Размножение книгопечатниц в Немецкой земле, сокрывая от власти орудия оных, отъемлет у нее возможность свирепствовать против разсудка [338] и просвещения. Малыя Немецкия правления, хотя вольности книгопечания, стараются положить преграду, но безъуспешно. Векерлин, хотя мстящею властию, посажен был под стражу, но Седое Чудовище осталося у всех в руках. Покойной Фридрих II Король Пруской, в землях своих печатание зделал почти свободным; некаким либо законоположением, но дозволением токмо, и образом своих мыслей. Чему дивится, что он неуничтожил ценсуры; он был самодержец, коего любезнейшая страсть была всесилие. Но воздержись от смеха. – Он узнал, что указы им изданные, некто намерен был собрав напечатать. Он и к оным приставил двух ценсоров, или правильнее сказать браковщиков. О властвование! о всесилие! ты мышцам своим недоверяеш. Ты боишся собственнаго своего обвинения, боишся, что бы язык твой тебя непосрамил, [339] чтобы рука твоя тебя незаушила! – Но какое добро сии насильствованные ценсоры произвести могли? Не добро, но вред. Скрыли они от глаз потомства нелепое какое либо законоположение, которое на суд будущей, власть оставить стыдилась; которое оставшися явным, было бы может быть уздою власти, да недерзает на уродливое. Император Иосиф II рушил от части преграду просвещения, которая в Австрийских наследных владениях, в царствование Марии Терезии, тяготила разсудок; но немог он стрясти с себя бремени предразсуждений, и предлинное издал о ценсуре наставление. Если должно его хвалить за то, что невозбранял опорочивать свои решения, находить в поведении его недостатки, и таковыя порицания издавать в печати; но похулим его за то, что на свободе в изъяснении мыслей, он оставил узду. Сколь легко употребить [340] можно оную во зло!...(*) Чему дивиться, скажем и теперь как прежде: Он был Царь. Скажи же, в чьей голове может быть больше несообразностей если не в Царской?

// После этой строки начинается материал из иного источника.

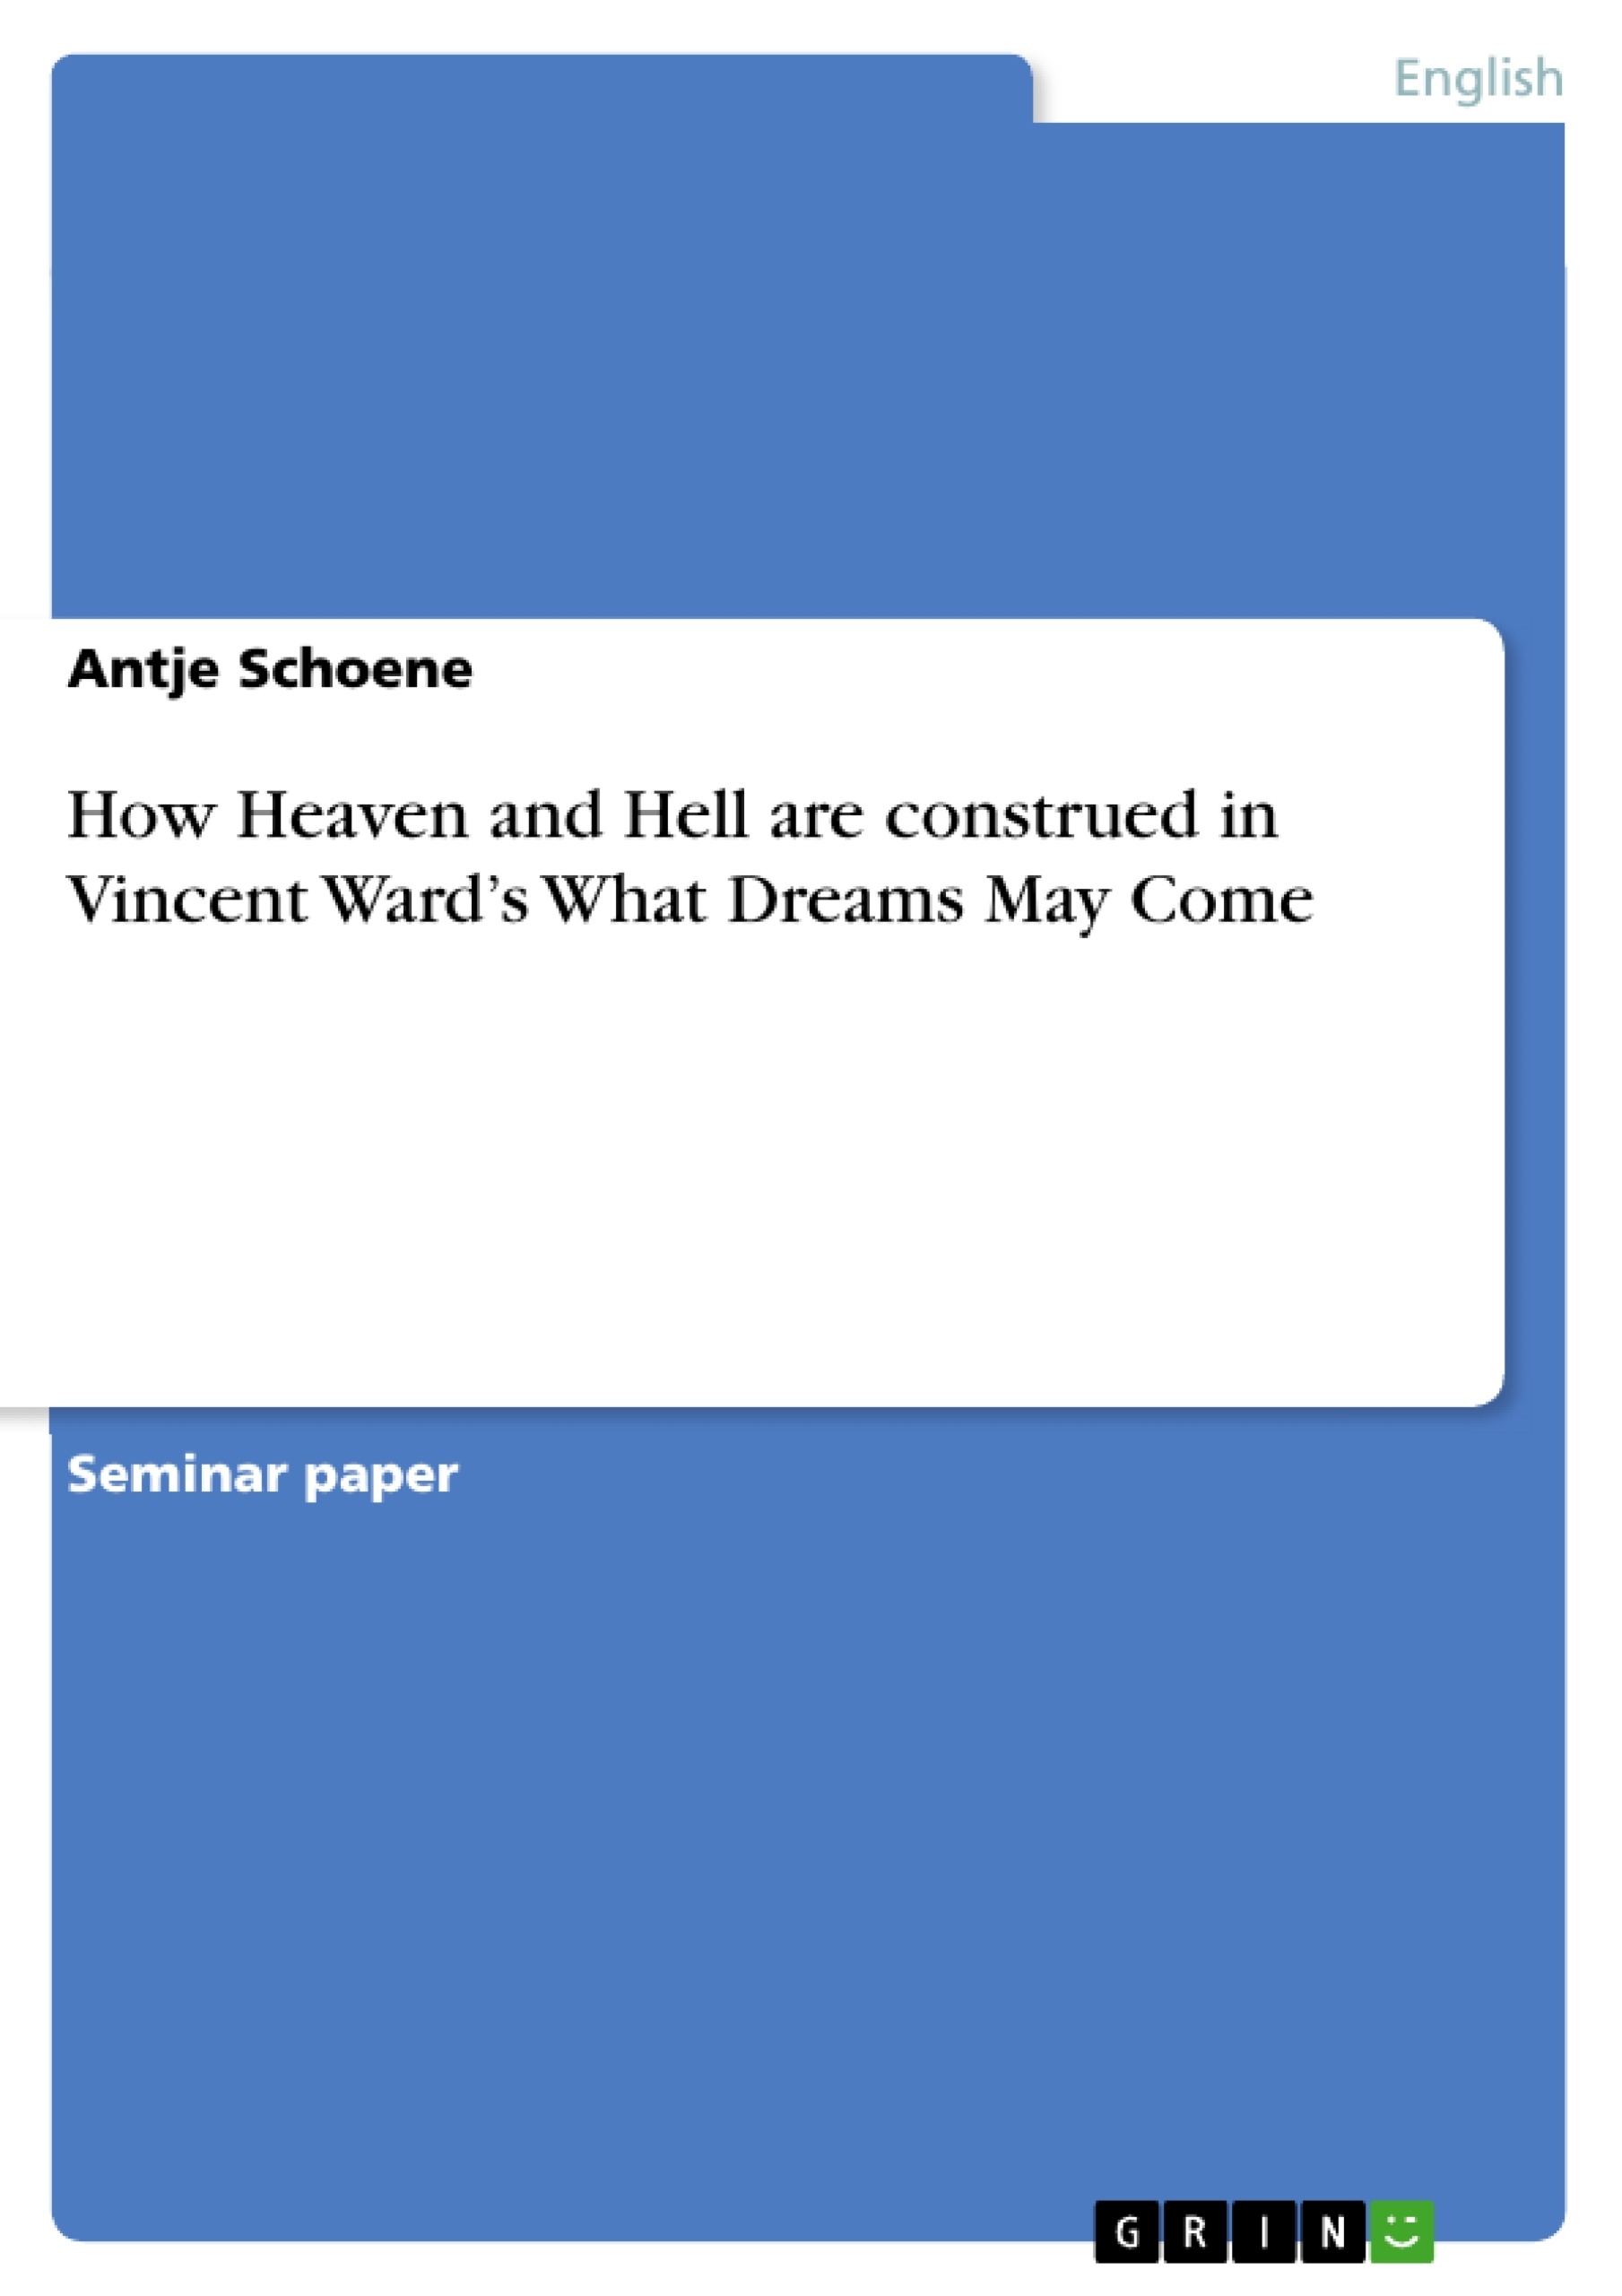 Title: How Heaven and Hell are construed in Vincent Ward’s What Dreams May Come

В России...... Что в России с ценсурою произходило, узнаете в другое время. А теперь не производя ценсуры над почтовыми лошадьми, я поспешно отправился в путь. [341]
(*) В новейших известиях читаем, что наследник Иосифа II, намерен возобновить ценсурную комисию, предместником его уничтоженною.
„Во поле береза стояла, во поле кудрявая стояла, ой люли, люли, люли, люли“..... Хоровод молодых баб и девок – пляшут – подойдем по ближе, говорил я сам себе, развертывая найденныя бумаги моего приятеля. – Но я читал следующее. Не мог дойти до хоровода. Уши мои задернулись печалию, и радостный глас нехитростнаго веселия, до сердца моего не проник. О мой друг! где бы ты ни был, внемли, и суди.
Каждую неделю два раза, вся Российская Империя извещается, что H: H: или Б: Б: в несостоянии или нехочет платить того, что занял, или взял, или чего от него требуют. Занятое либо проиграно, проезжено, прожито, проедено, пропито, про..... или раздарено, потеряно в огне, или воде, или Н: Н: или Б: Б: [342] другими какими либо случаями вошел в долг или под взыскание. То и другое на равне в ведомостях приемлется. – Публикуется – „Сего.... дня по полуночи в 10 часов, по определению уезднаго суда, или городоваго магистрата, продаваться будет с публичнаго торга отставнаго капитана Г... недвижимое имение, дом состоящей в... части, под Но... и при нем, шесть душ мужескаго и женскаго полу; продажа будет при оном доме. Желающие могут осмотреть заблаговремянно“.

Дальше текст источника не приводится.